ScrapeGPT is a web scraper builder that uses GPT-4 to automatically generate Python scripts for scraping websites based on user input. The app is built using Streamlit and allows users to input a URL and describe the data they want to scrape. The app then:
- Uses GPT-3.5 to iterate through the HTML to find the relevant information
- Summarizes its learnings
- Writes a web scraper
- Self-heals to debug itself
scrapegpt.mp4
- Clone the repository:
git clone https://github.com/davidhershey/ScrapeGPT
- Change to the project directory:
cd ScrapeGPT
- Install the required dependencies:
pip install -r requirements.txt
- Set the
OPENAI_API_KEY
environment variable to your OpenAI API key. You can also use a.env
file, which should look like this:
OPENAI_API_KEY="YOUR_KEY"
- [optionally set up Promptlayer] Set the
PROMPTLAYER_API_KEY
environment variable to your PROMPTLAYER_API_KEY API key. You can also use a.env
file, which should look like this:
PROMPTLAYER_API_KEY="YOUR_KEY"
- Run the Streamlit app:
streamlit run app.py
- Open the app in your browser using the URL provided in the terminal.
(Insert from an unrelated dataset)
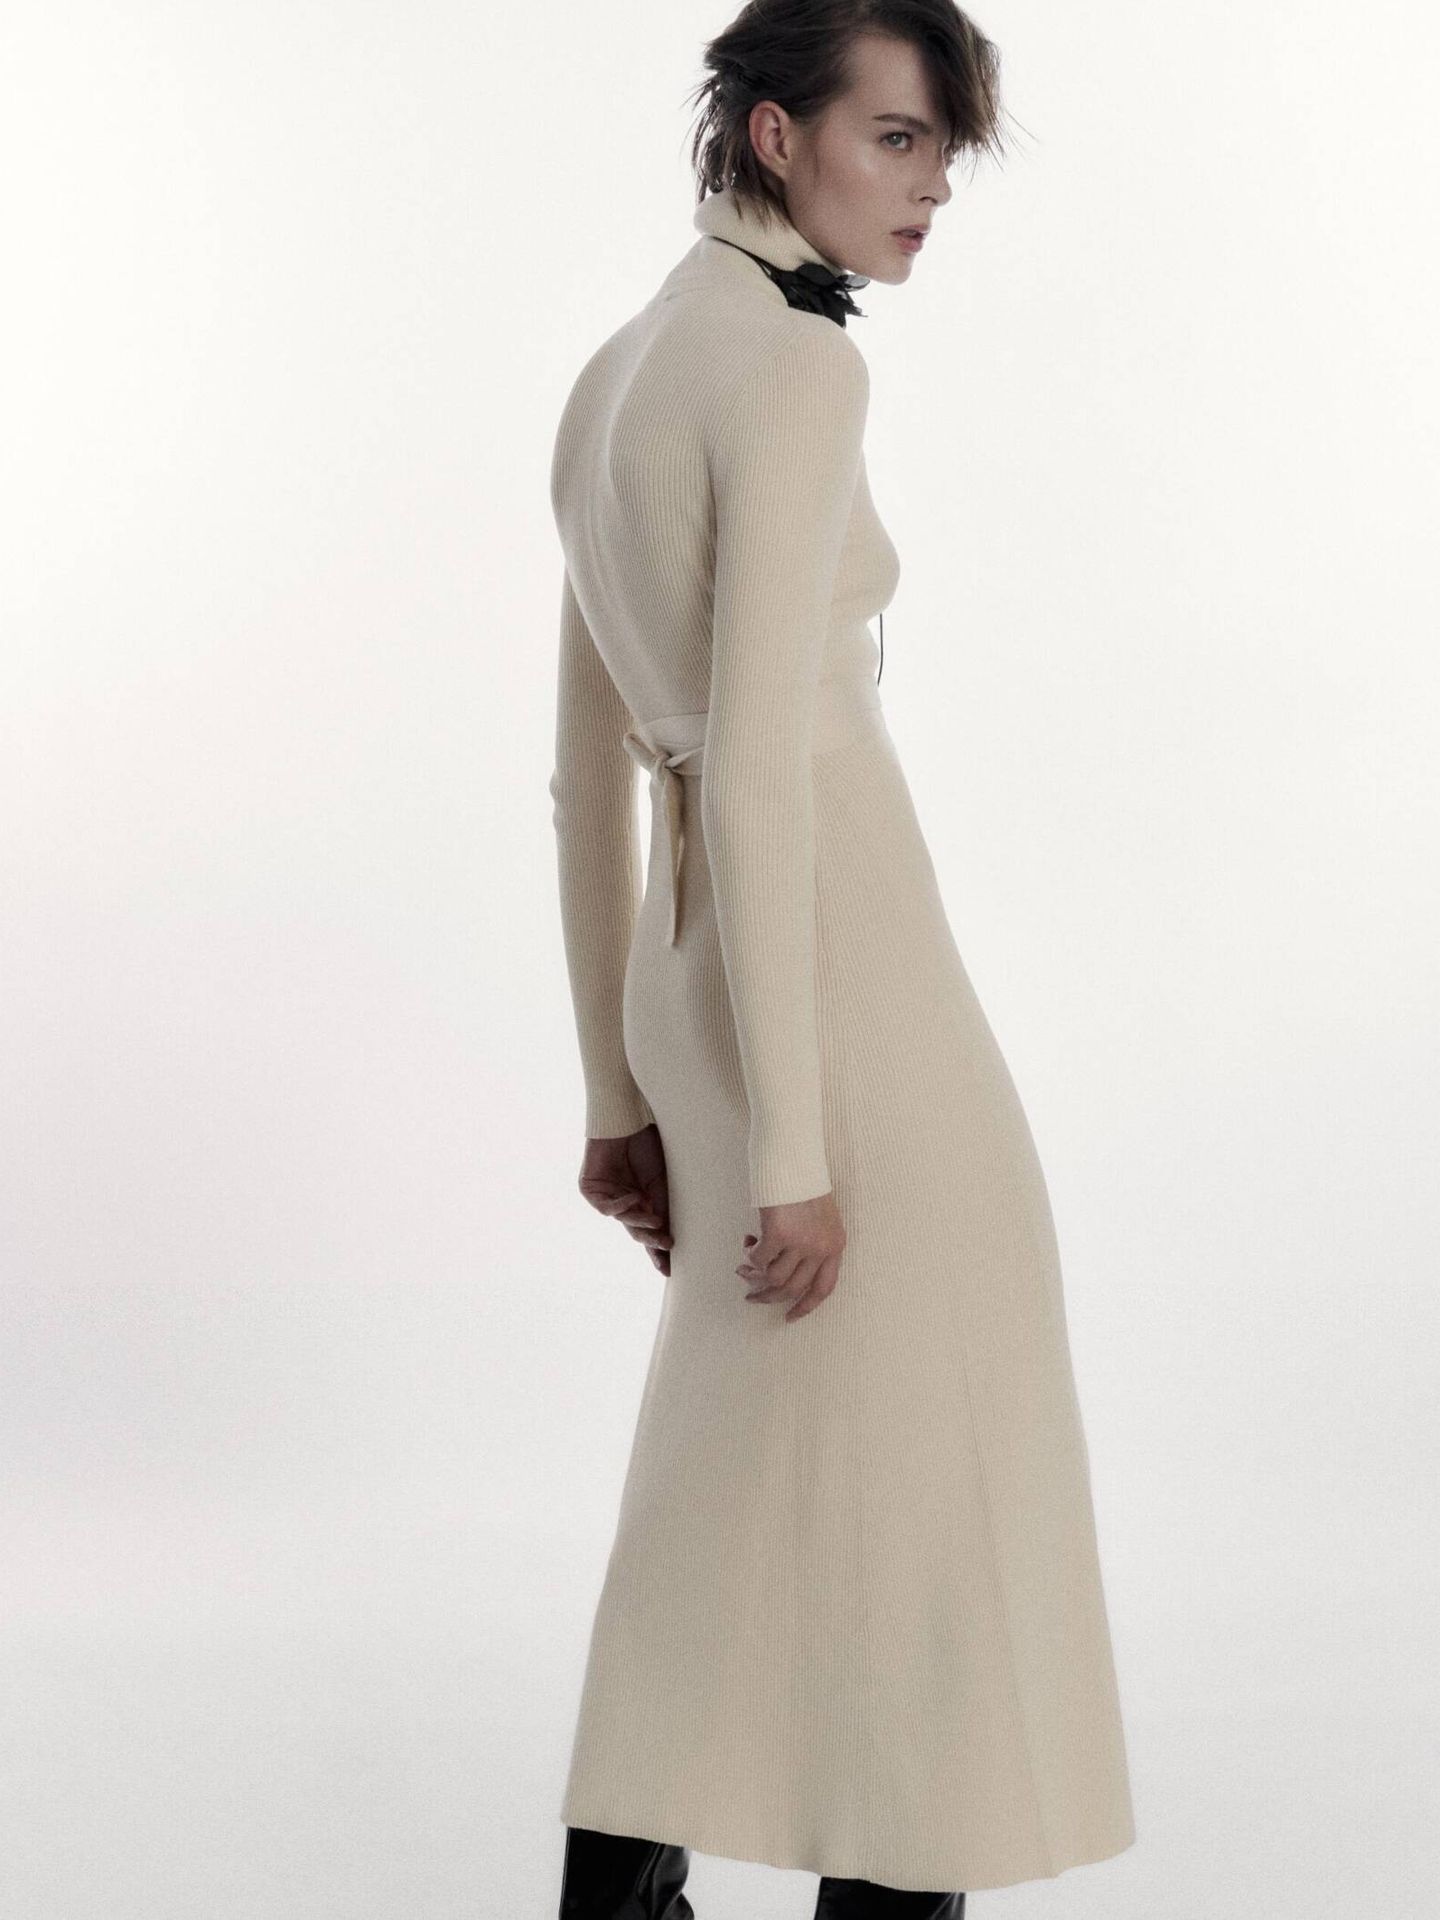 El vestido de Zara ideal para llevar con chaqueta de cuero. (Cortesía/Zara)

- Enter a sample URL in the "Sample URL" field.
- Describe the data you want to scrape in the "Describe what you want to scrape from this page" field.
- Click the "Get Started!" button to generate a function name for your scraper.
- Optionally, edit the function name in the "Name of the function to generate" field.
- Click the "Build a scraper!" button to generate the scraper code.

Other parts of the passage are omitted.